Francey is less rollicking than Valdy or Whiteley, but his work includes the same mix of love, life and the need for us to make things better. During his concerts, he will claim to be a pessimist, and in songs like Pandora’s Box (from his newest work So Say We All), he describes a world where justice is “bent and all but broken.” But his cynical stance doesn’t hold up in the face of such lovely songs as Come Rain or Come Shine (“I’ll always be your love”) and Nearly Midnight, where he celebrates the sheer joy of coming home to his lover: “In the darkened world / Of this road I’m on / You are the light.”

For Francey, home, with its light and love, is the sanctuary from a damaged, fractured world. Each of his recordings explores this emotional spectrum, and it feels remarkably akin to the classical Christian theology of sin and redemption. 

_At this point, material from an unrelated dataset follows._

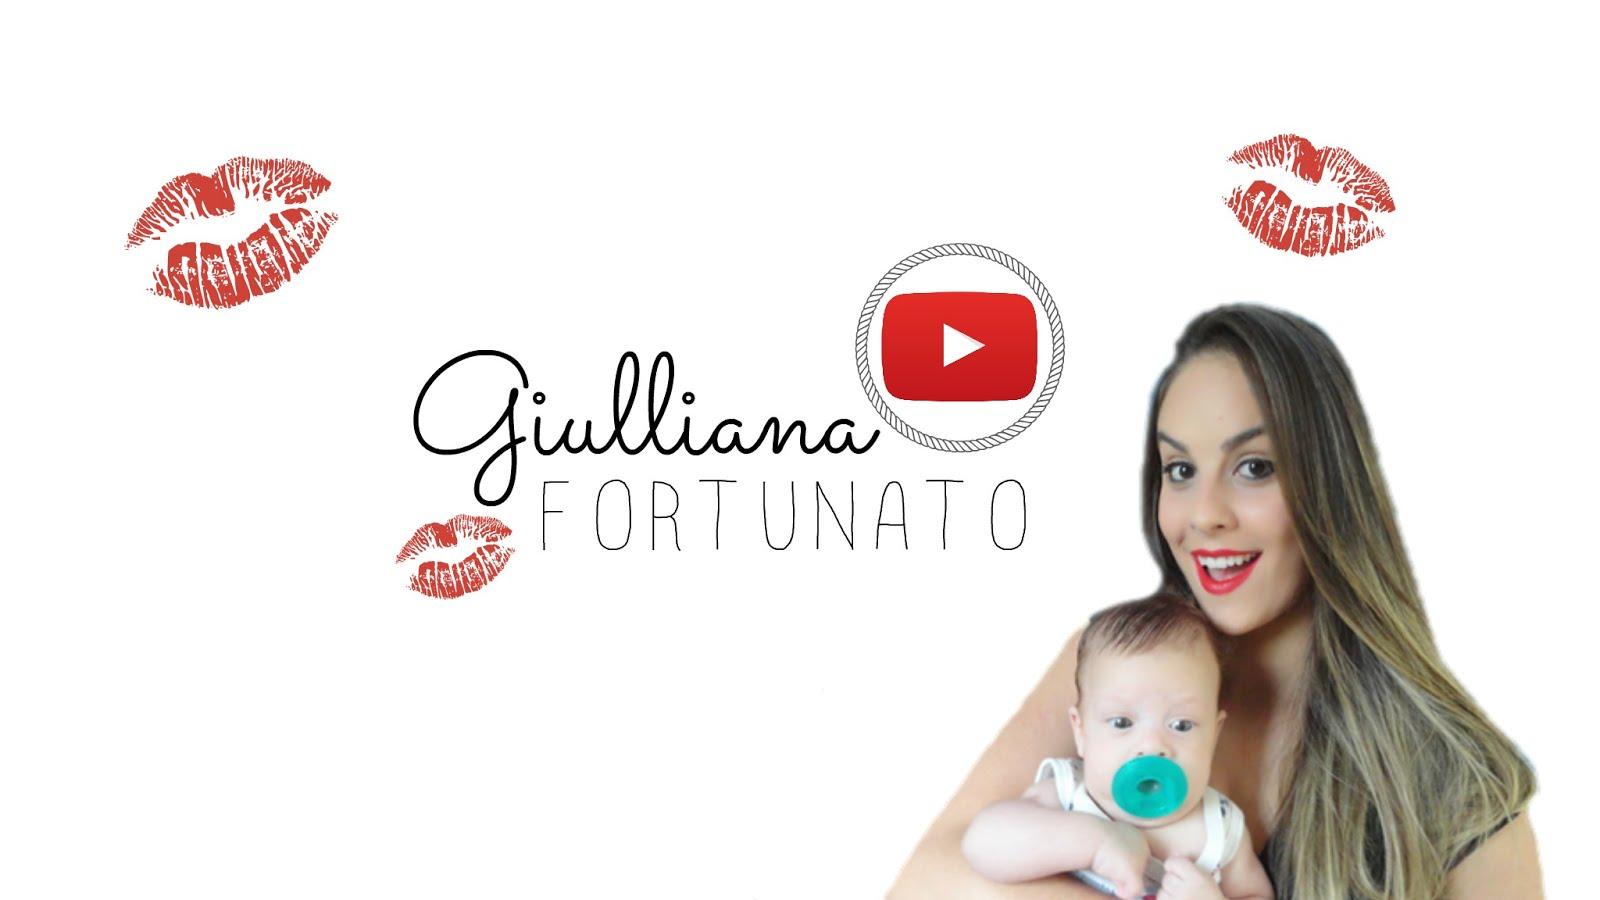 Giulliana Fortunato
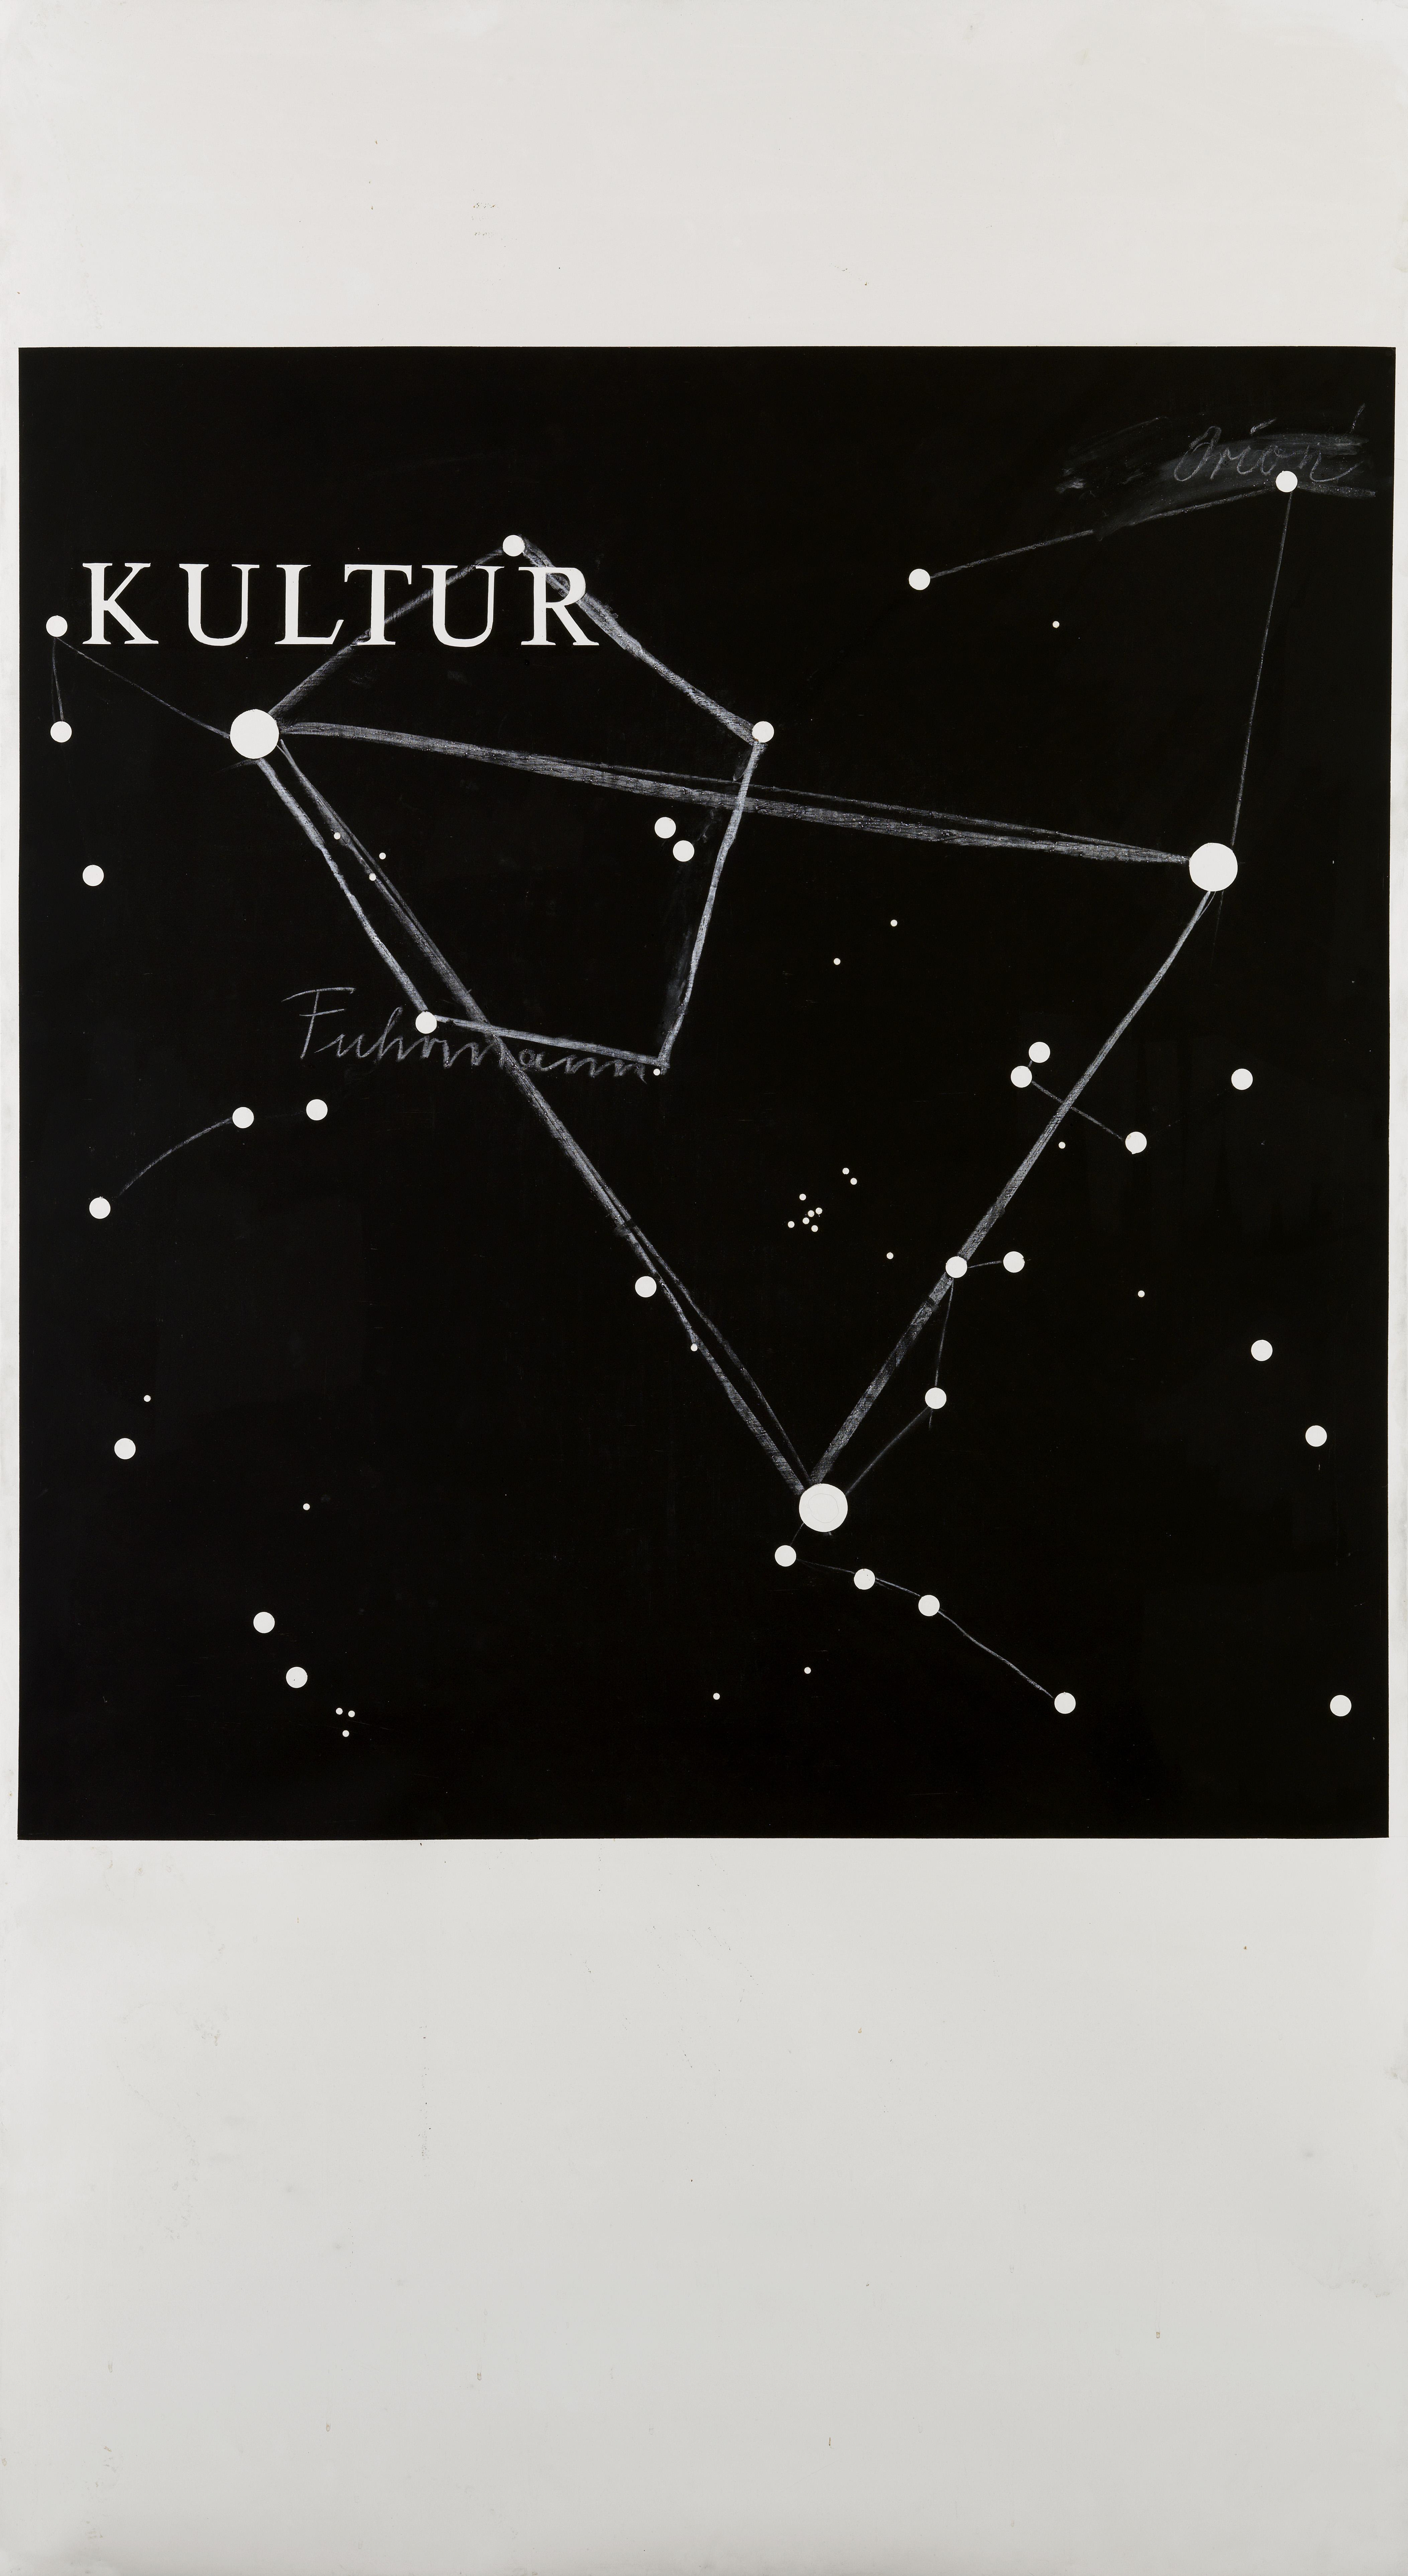 KP Brehmer, Kultur, 1974, Paint, chalk on melamine 220 x 120 cm / 86 5/8 x 47 1/4 ins. KP Brehmer

Like his folk music compatriots, Francey has the double vision of an artist: he knows there are causes for despair, but he also sees reasons for hope, usually summed up in the all-encompassing concept of love. Francey sings, “Love as blind as love can be / We are grateful to receive.” Whiteley celebrates, “I’ve got friends all over the place.” Valdy knows he’s “blessed” that he’s “got a woman that loves me, in spite of myself.”

My first contact with Valdy was a perfect introduction to this Canadian folk hero. When I sent him a brief e-mail invitation asking him to sing at our festival, he responded with characteristic warmth. He told me he was on a ferry bound for Vancouver Island, sailing through fog, returning home from a long tour. He accepted our invitation with delight. And he signed off, “Love, Valdy.”

Until then, I’d never met the man, but I was instantly captured. When he wrote, “Love,” I believed him. Love: the stuff of great songs — and great songwriters. 

Paul Knowles is a writer in New Hamburg, Ont.